Handle 416 status code by deleting the local file and retrying
A server returns 416 if the range we've provided to it is invalid. Whilst the local partially downloaded file exists, any attempt to retry using the same range is guaranteed to fail (unless the file is replaced on the server).
The only way to resolve the issue is to send a valid range header (unknown at this point) or not send one at all.
This patch, in response to a 416 status code, seamlessly deletes the local partially downloaded file and retries the file download. Because the local file has been deleted the retry attempt will not include a range header and hence 416 won't be returned again i.e. no infinite retrying.
If for some odd reason the local file can't be deleted then we gracefully fallback to the previous behaviour of calling the error callback with the 416 status code error.
@thibaultCha Whoops, how rude of me! I forgot...
Thanks for all the work you've put into this library, it's a breeze to use!
I think that makes sense. Thank you!
@thibaultCha I've made the suggested change to the if statement.
Did you try this?
I have tested this in several cases using Amazon S3. The simplest real-world case in which this occurs is when downloading from Amazon S3 and the local file has a file-size of zero bytes. Amazon S3 rejects range headers of the form bytes=count-, where count is the entire file size. This particular circumstance could be accounted for more efficiently by not sending the range header if the local file is 0 bytes. However, this patch handles a wider variety of situations and seemed like the path of least resistance.
The simplest way to test this would be to upload a ~10 MiB file to a server and allow part of the download to complete before cutting off the connection. Then replace the file on S3 (same URL) with a much smaller file 1 KiB etc. and retry the download. Now the range supplied will be larger than the file on the server and hence you'll get 416. Admittedly, that's not a very "real world" test, but it is simple to reproduce.
How does the NSOperation behavies when calling start from an already running one? I think the right pattern would be to stop this NSOperation, and start a new one.
I'm not quite sure that stopping the operation and creating a new one is quite correct in this circumstance. The TCBlobDownloader operation is responsible for downloading a file, as opposed to simply performing a HTTP request. So when retrying in response to a 416 status code the operation hasn't actually finished (failed or succeeded) yet i.e. we don't want to call any callbacks indicating the operation failed (because it hasn't).

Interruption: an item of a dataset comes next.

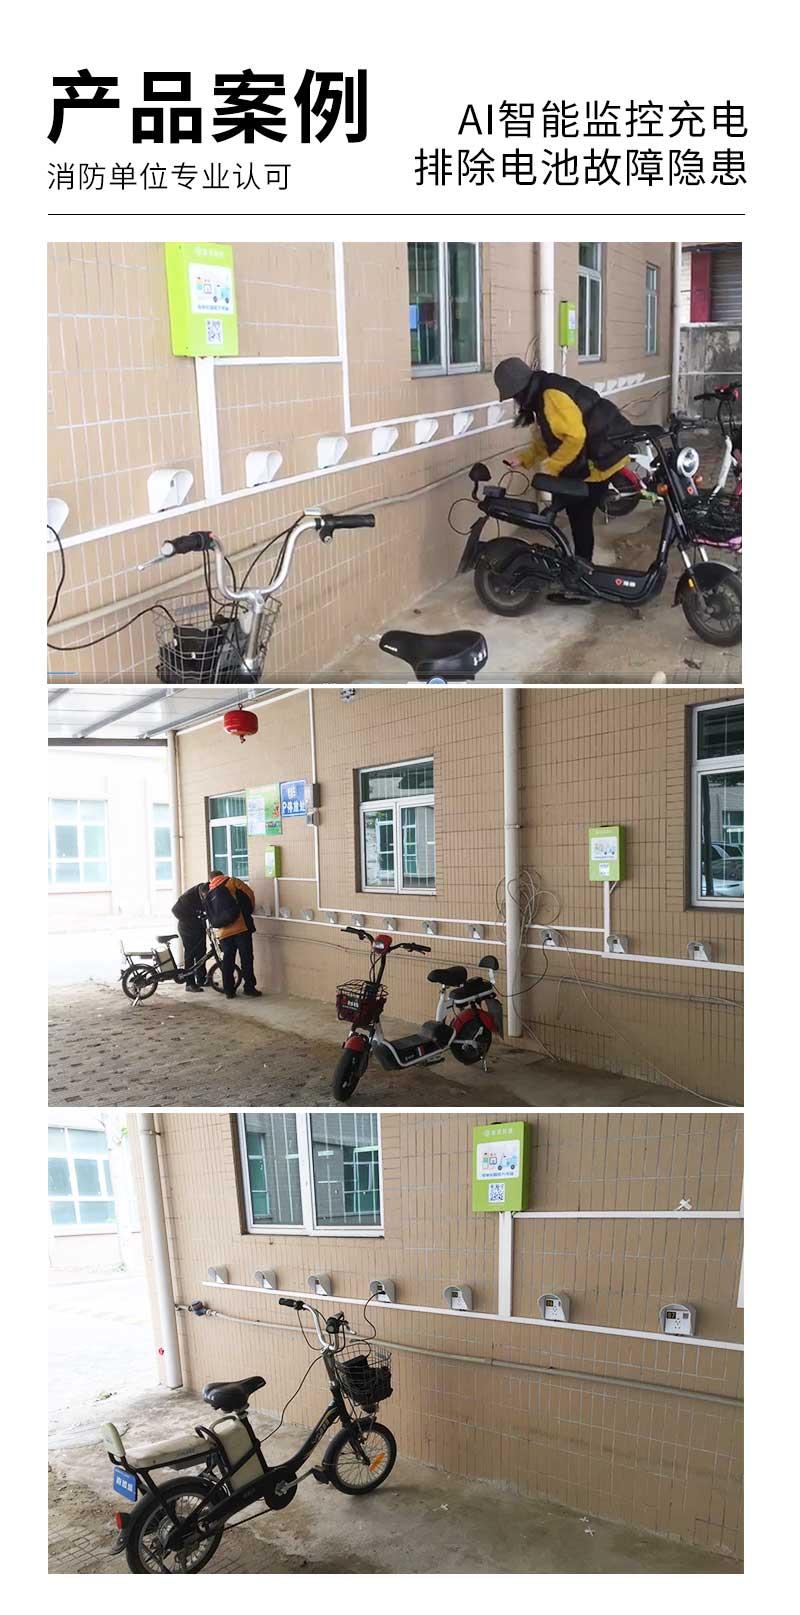 产品案例-广州磐众智能科技有限公司

However, whilst calling start again does work, you're correct in that it shouldn't really be done:
You can call this method explicitly if you want to execute your operations manually. However, it is a programmer error to call this method on an operation object that is already in an operation queue or to queue the operation after calling this method. Once you add an operation object to a queue, the queue assumes all responsibility for it.
That comment in the Apple docs is mostly referring to default start implementation, as in this case there are no adverse effects in calling start again. Nonetheless, in the spirit of preserving NSOperation semantics I have updated the pull request and refactored start into a separate method called startDownload, which is now called when retrying and from `start``. I've also made sure KVC callbacks aren't called more than once
You should also report the error to the delegate or the error block (see notifyFromError:) ;)
If the operation had failed then I'd definitely agree. However, hopefully my logic above (and below) explains why I haven't done so in all circumstances.
I wrote the following in the pull request description:
If for some odd reason the local file can't be deleted then we gracefully fallback to the previous behaviour of calling the error callback with the 416 status code error.
Explaining that in more detail, I meant - if the download is retrying after receiving a 416, then the operation hasn't yet failed - so the error callback is not called. However, if a 416 is received and for some reason the file fails to delete, then the file error will be logged and then the original (non-416) code-path will be run (which results in the error callback being called with the 416 error). In this circumstance I did consider calling the error callback with the file error instead, however I felt a consumer of the API would be unclear as to why the file was even being deleted in the first place. Realistically failure to delete the file shouldn't really occur anyway.
I've attempted to adopt the coding style of the project, please let me know if there's something I missed.
Whoops, published the comment explaining the code before the code itself was pushed.
The updated code should be all there now.
Hi, sorry for the big delay! Could you please rebase? I would be willing to merge this. Thank you :)
Sure, I think I'm a bit too busy to do it today. However, if I haven't done this by mid next week please ping me again.